▶ Material provided:
^^^^^^^^

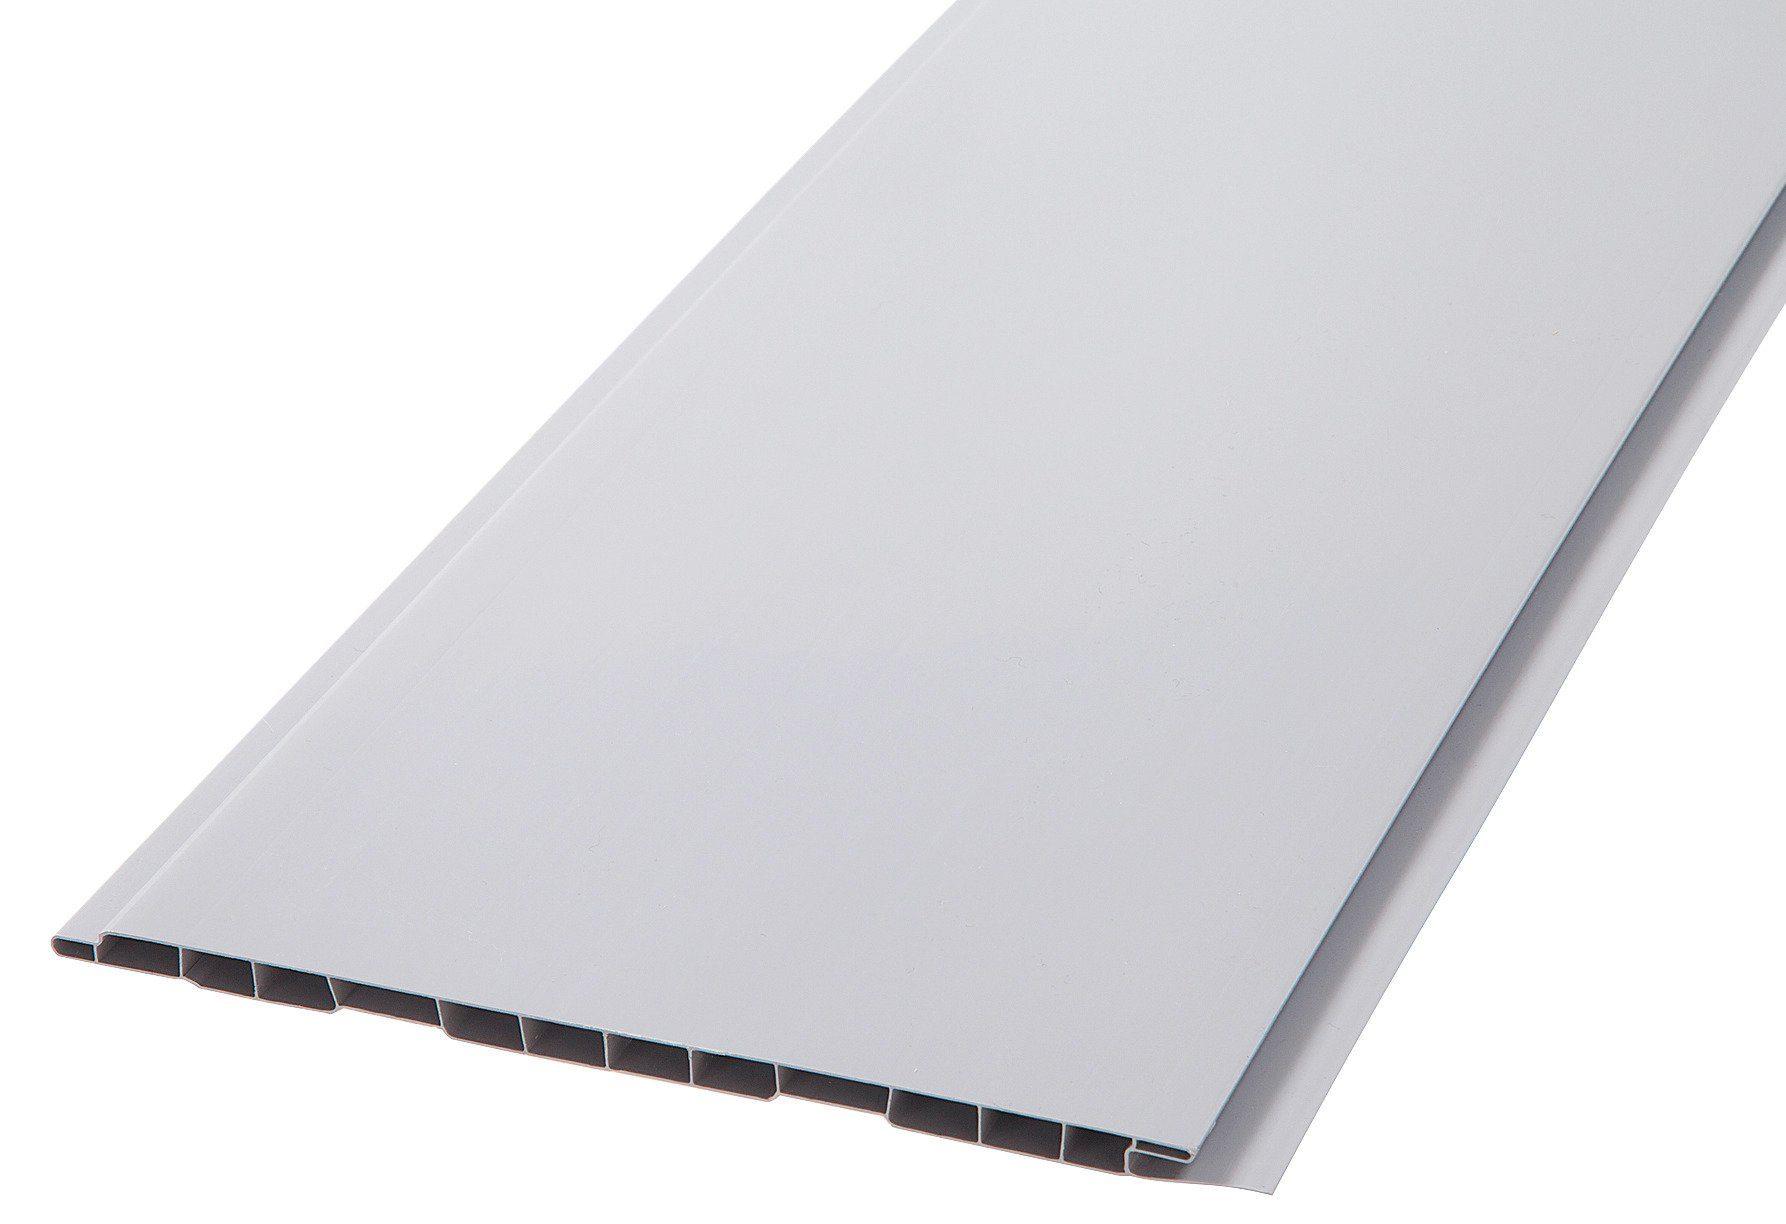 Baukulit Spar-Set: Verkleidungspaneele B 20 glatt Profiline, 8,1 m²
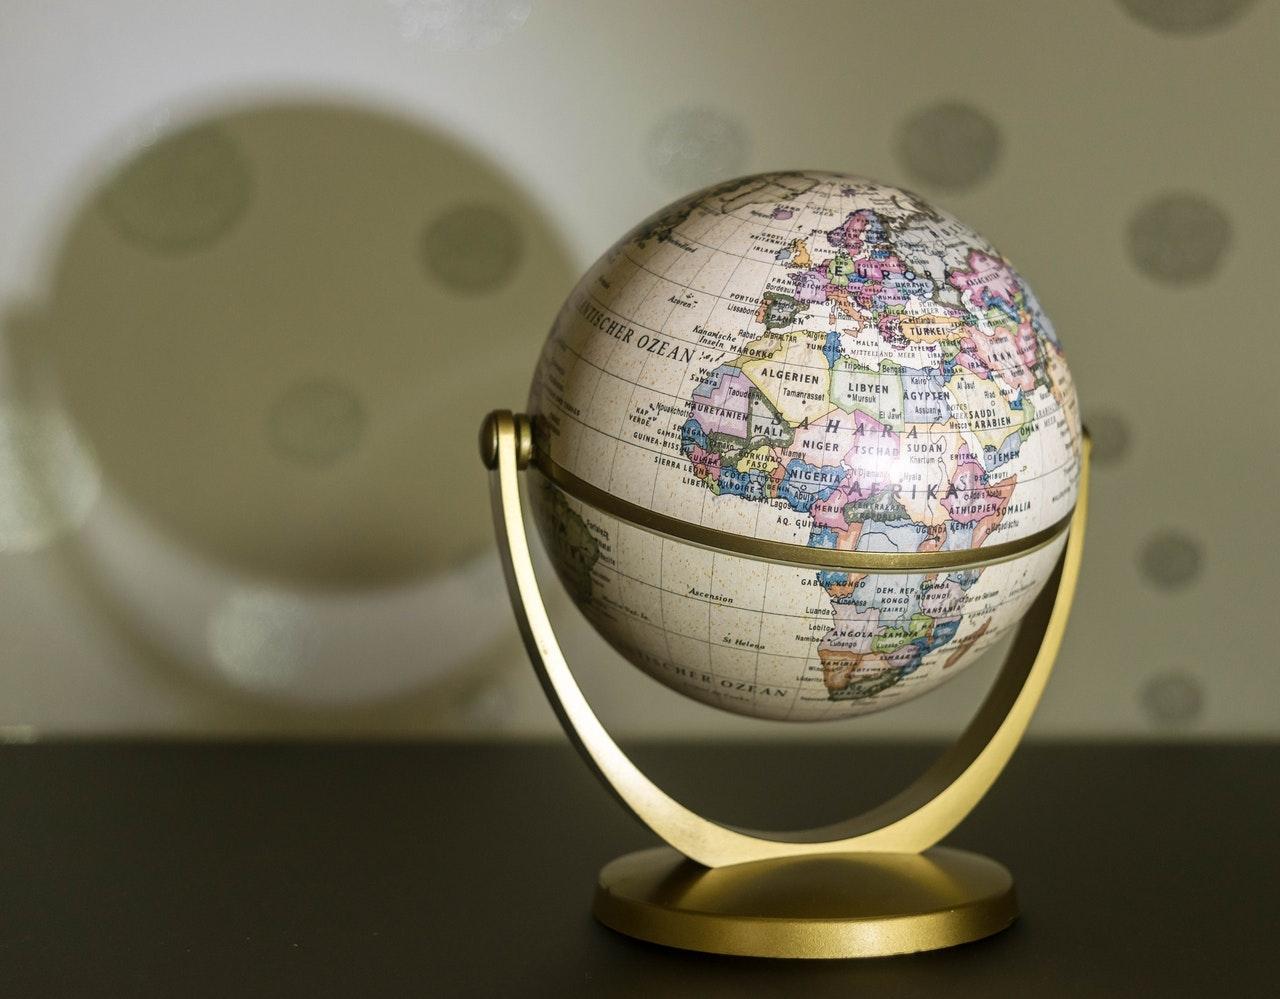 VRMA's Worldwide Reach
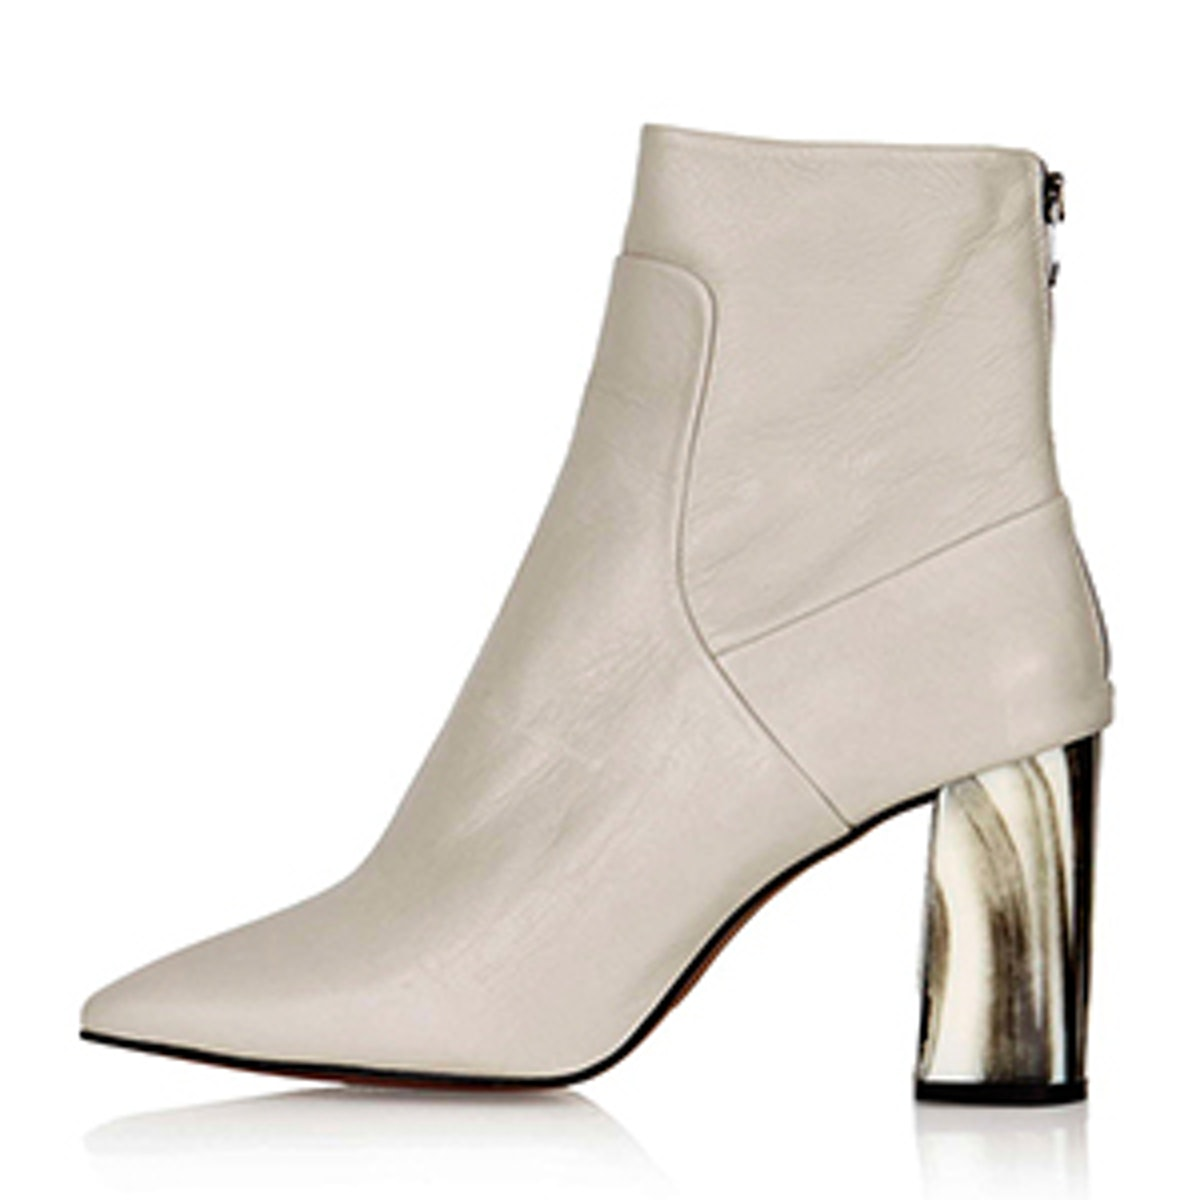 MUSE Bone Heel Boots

^^^^^^^^

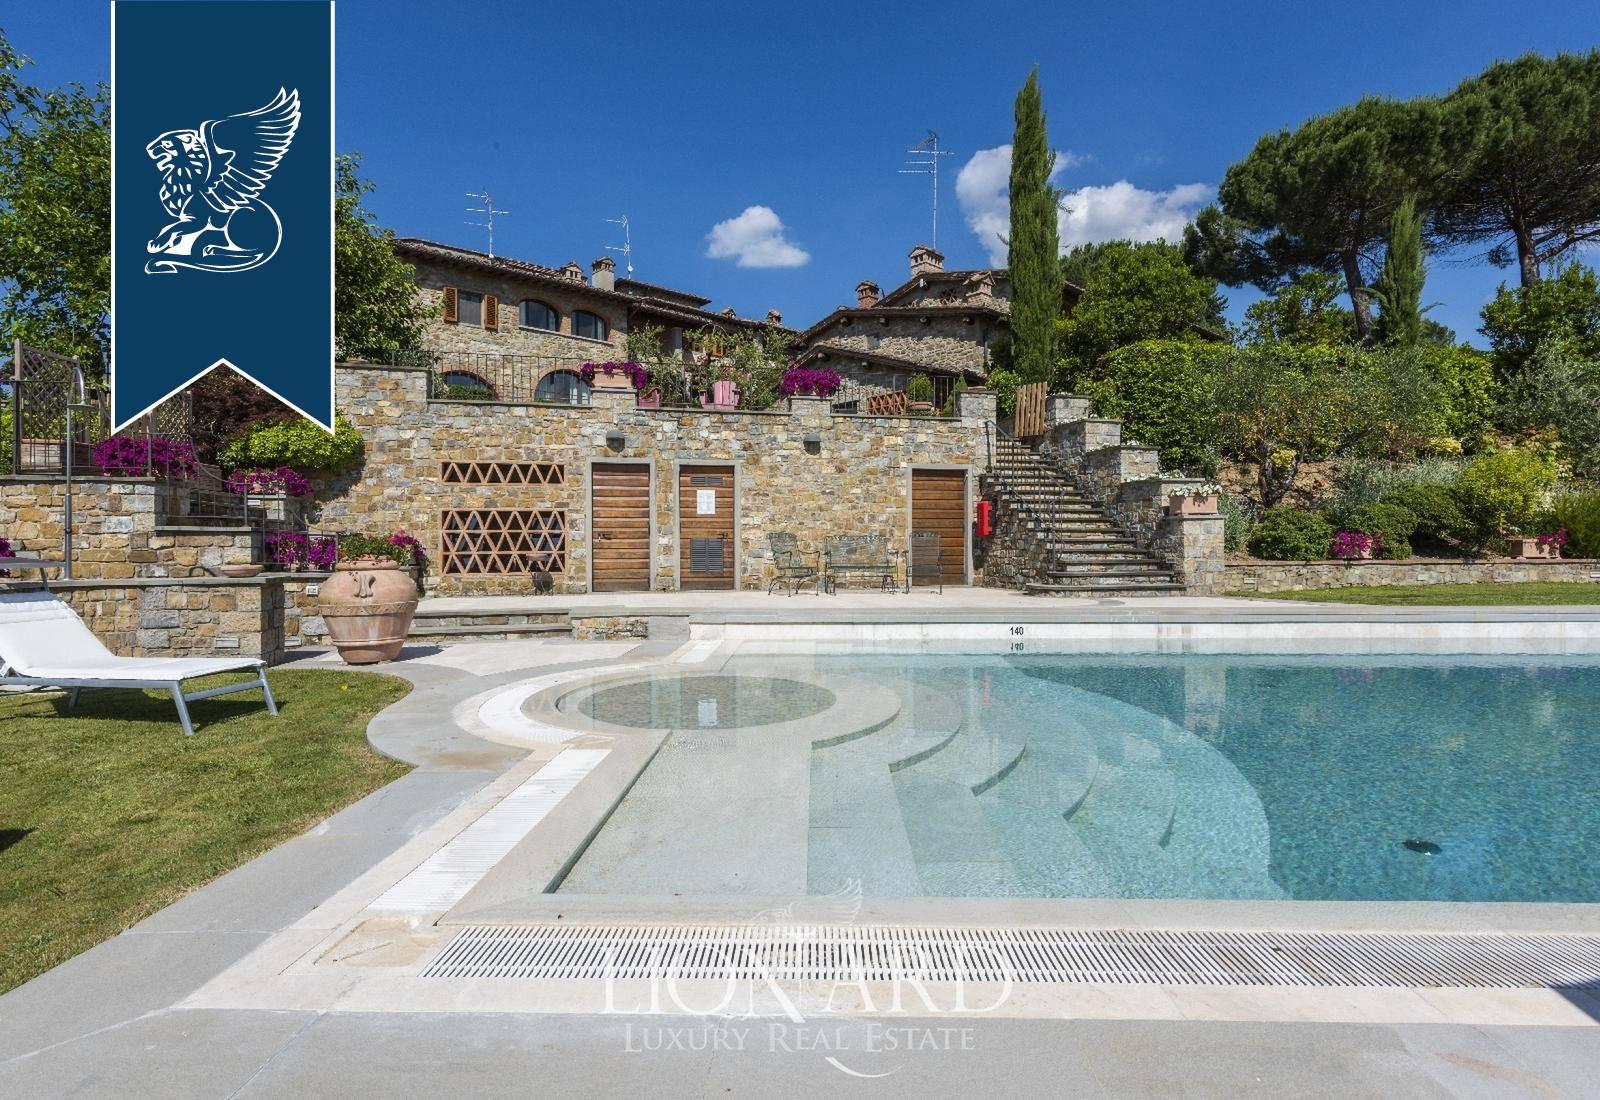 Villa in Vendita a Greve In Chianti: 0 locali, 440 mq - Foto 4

^^^^^^^^

▶ Task objective: Print, exactly, each line above from the one with "Baukulit Spar-Set: Verkleidungspaneele" to the one with "MUSE Bone Heel Boots", end lines included. Leave pictures out of it.

▶ Response to this task:
 Baukulit Spar-Set: Verkleidungspaneele B 20 glatt Profiline, 8,1 m²
 VRMA's Worldwide Reach
 MUSE Bone Heel Boots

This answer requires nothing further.